In conducting its study, the Commission empaneled an Advisory Committee and held sessions covering four general issue areas -- strategic planning, design and construction, alternative sanctions and privatization. The sessions were used to inform the Commission on the history, issues and potential reforms in those areas. A list of the Advisory Committee members is in Appendix A.

In addition, the Commission conducted three public hearings, in June, August and September of 1997. It heard from a variety of state officials, correctional practitioners and national experts. A list of the witnesses are in Appendix B.

Commissioners visited a number of prisons, spoke with prisoners, correctional officers and wardens.
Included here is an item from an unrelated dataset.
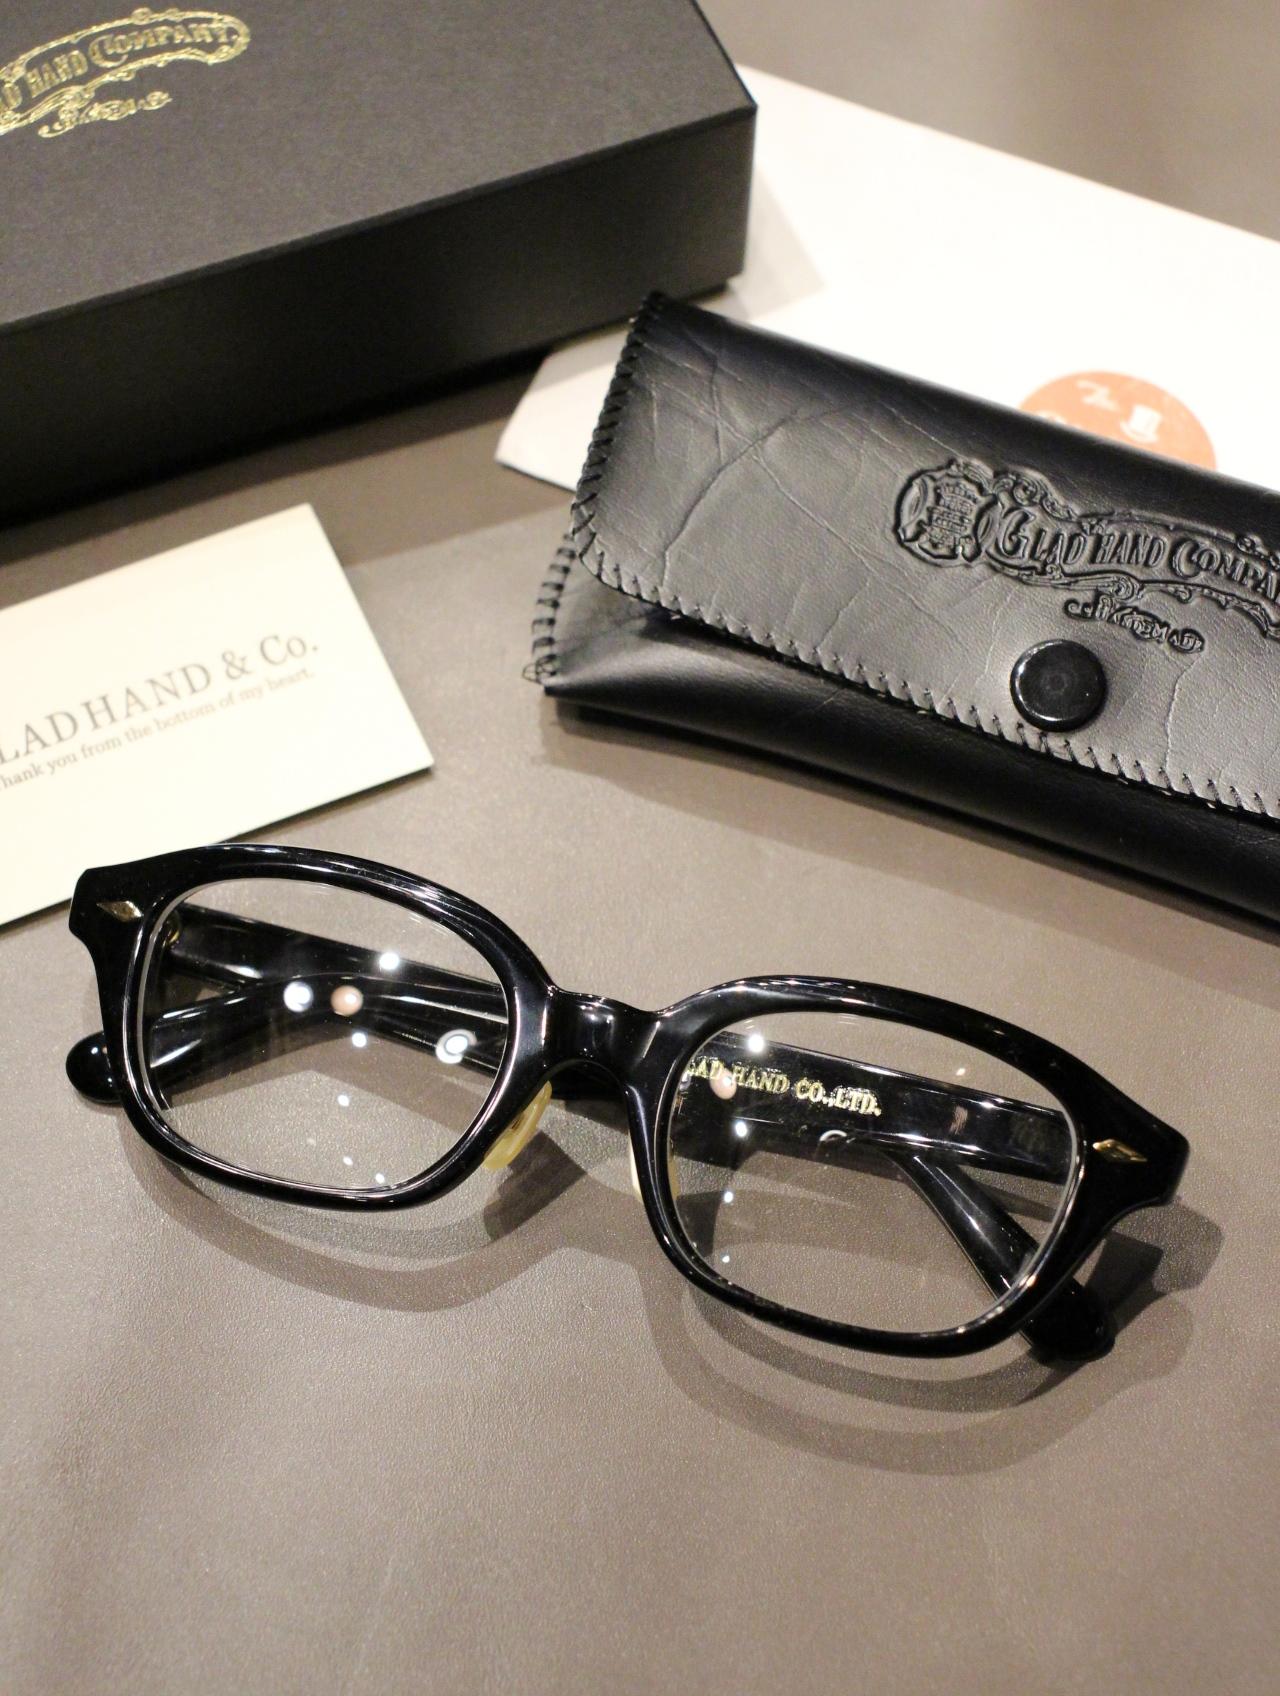 GLADHAND × 丹羽雅彦  「J-IMMY GLASSES ORNAMENT 〈BLACK / GOLD〉」  グラッシーズ

A list of the facilities visited is in Appendix C.

The Commission conducted extensive literature searches and interviews.

The Commission's conclusions are a product of this process and are documented in this report. Because of the urgency of this issue, the Commission has developed recommendations that it believes to be politically feasible and financially practical.

The report begins with a Transmittal letter, an Executive Summary and this Introduction. The following sections include a Background and six chapters that are divided into three sections: Systematic Overcrowding, Maximizing the Existing System, and Performance-Based System Expansion. The report closes with a Conclusion, Appendices and Endnotes.